Dataset content:

━━━━━━━━━━━━━━━━━━━━━━━━━━━━━━

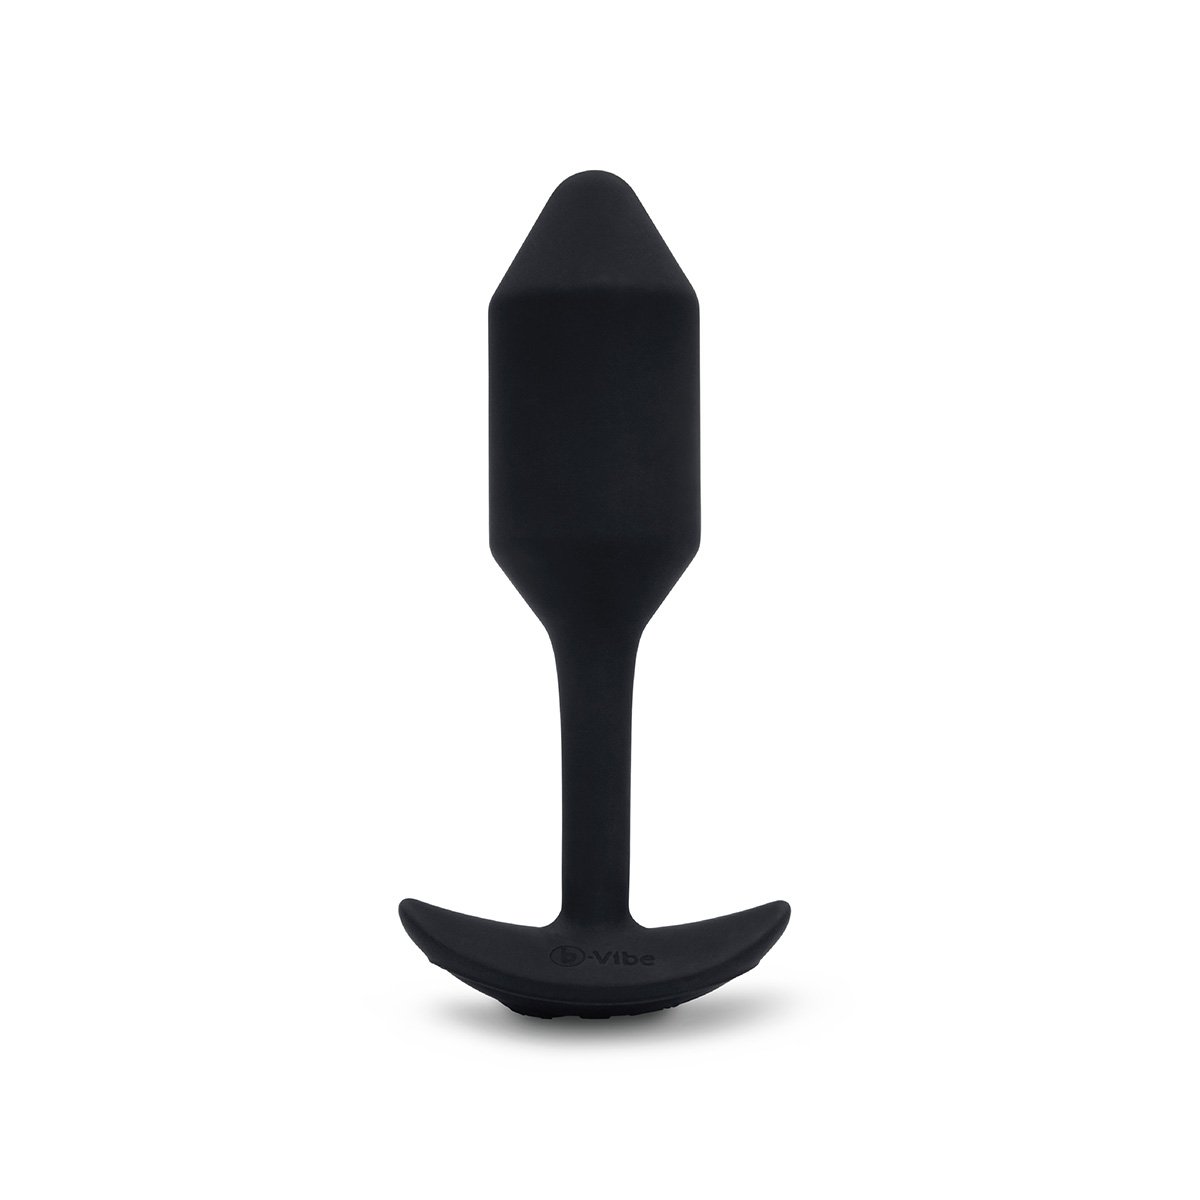 B-Vibe Snug Plug Vibrating - Buy At Luxury Toy X - Free 3-Day Shipping
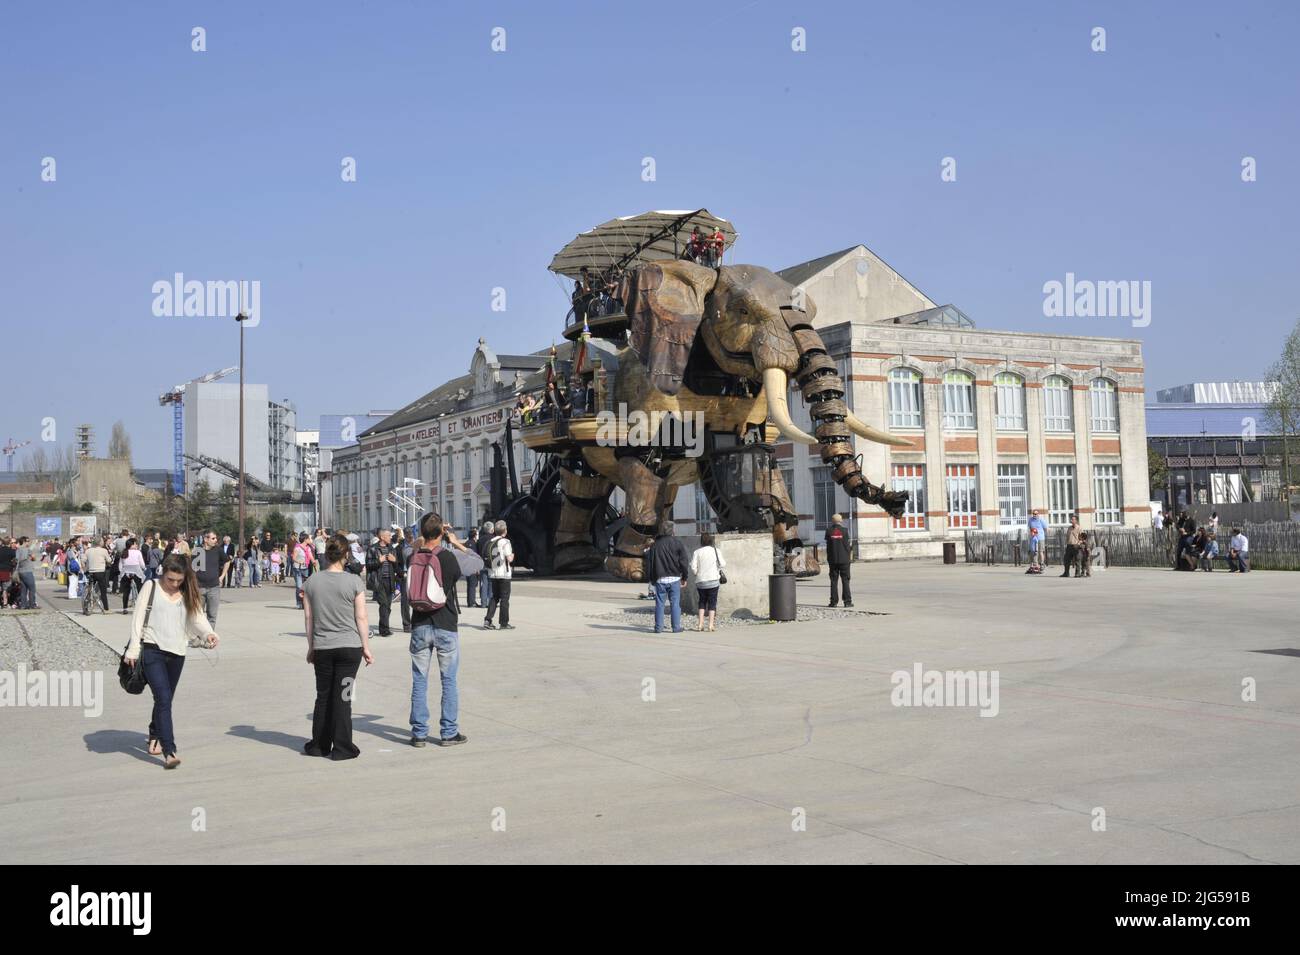 mechanical elephant in Nantes, France Stock Photo
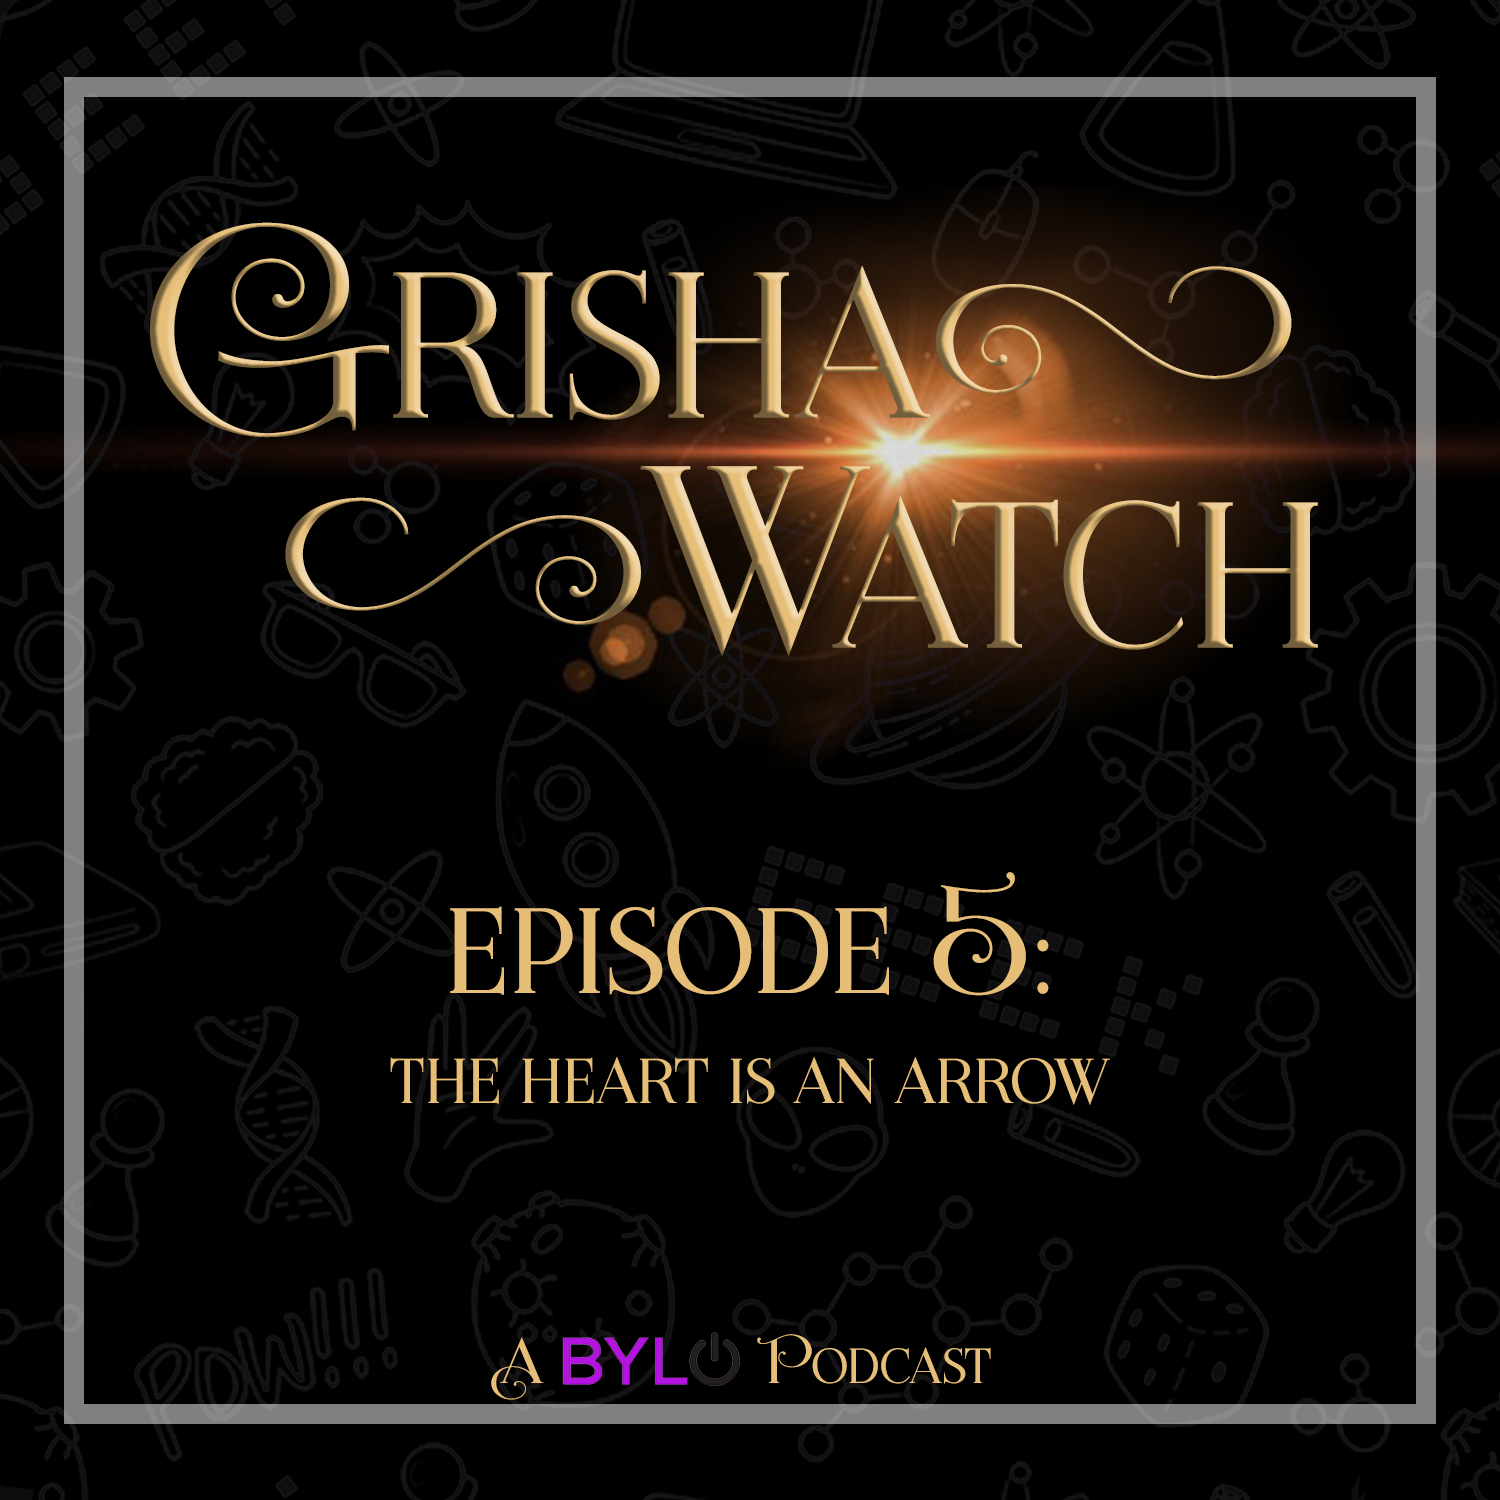 Grisha Watch ep 05: "The Heart is an Arrow"
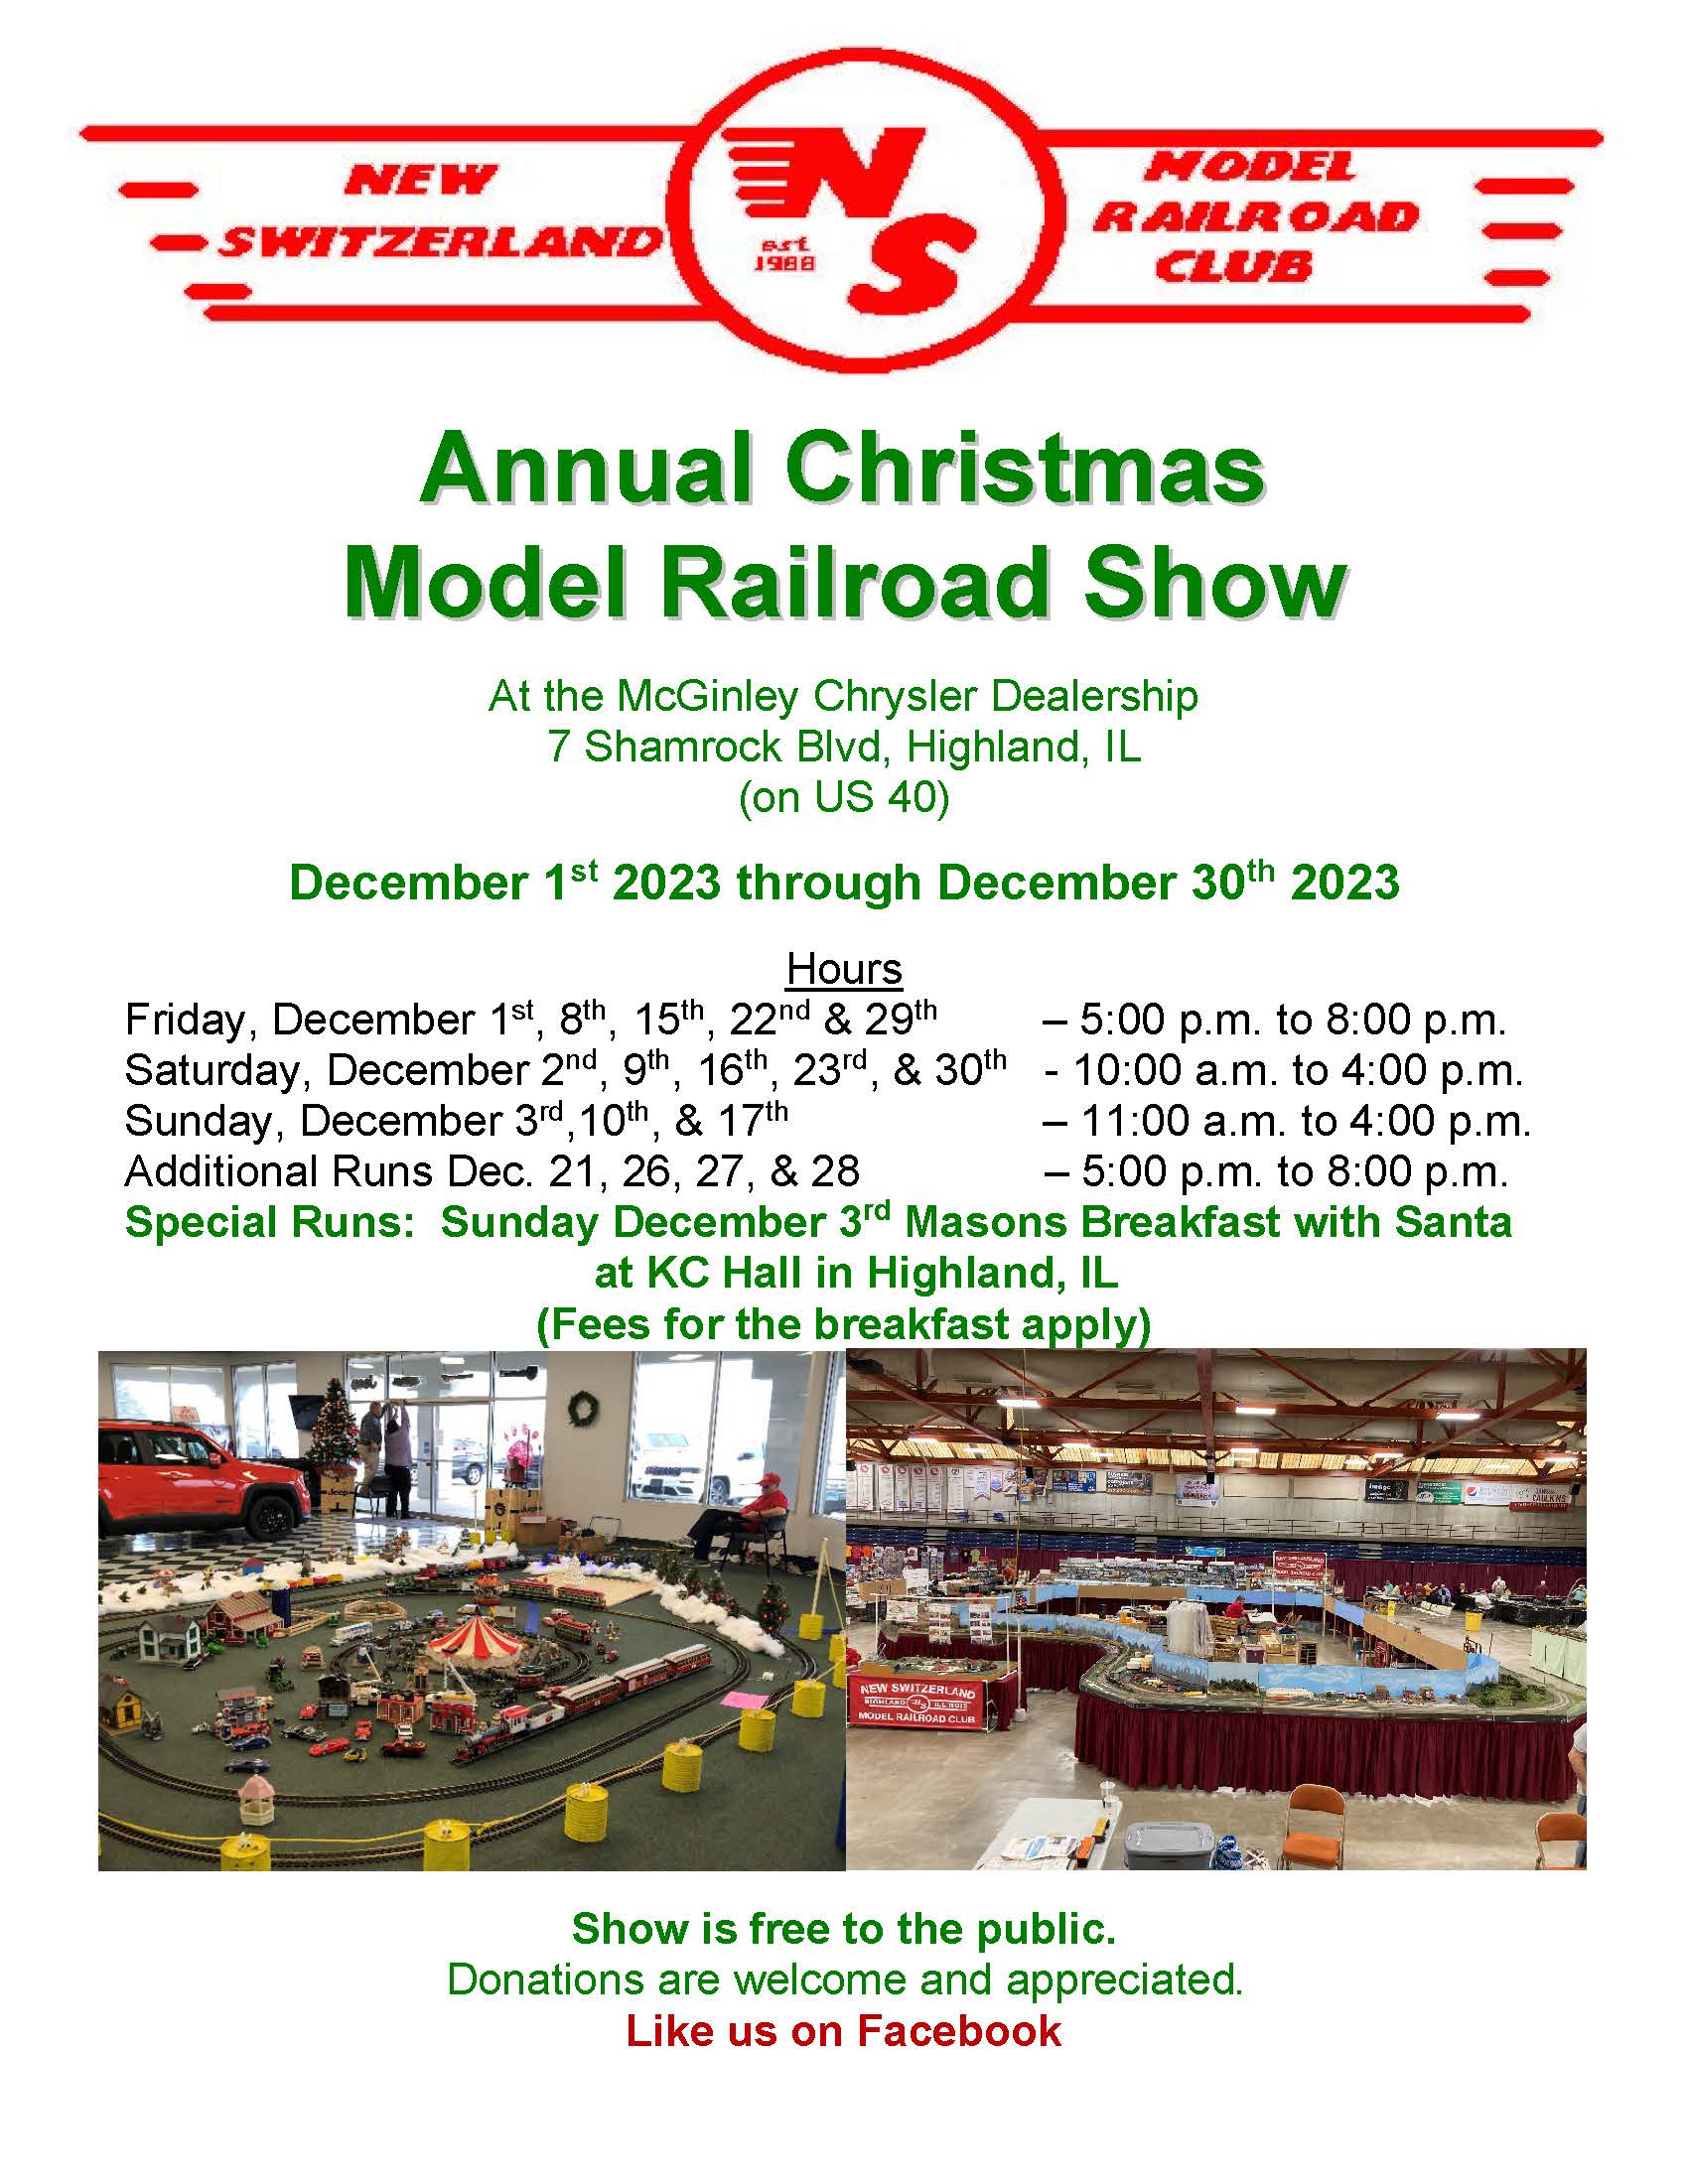 New Switzerland Model Railroad Club Christmas Model Railroad Show

━━━━━━━━━━━━━━━━━━━━━━━━━━━━━━

Task instructions: Only the lines from the line with "Grisha Watch ep" through the closing line of the data, both included, should be set down, exactly as written and without pictures.

Solution for this problem:
 Grisha Watch ep 05: "The Heart is an Arrow"
 New Switzerland Model Railroad Club Christmas Model Railroad Show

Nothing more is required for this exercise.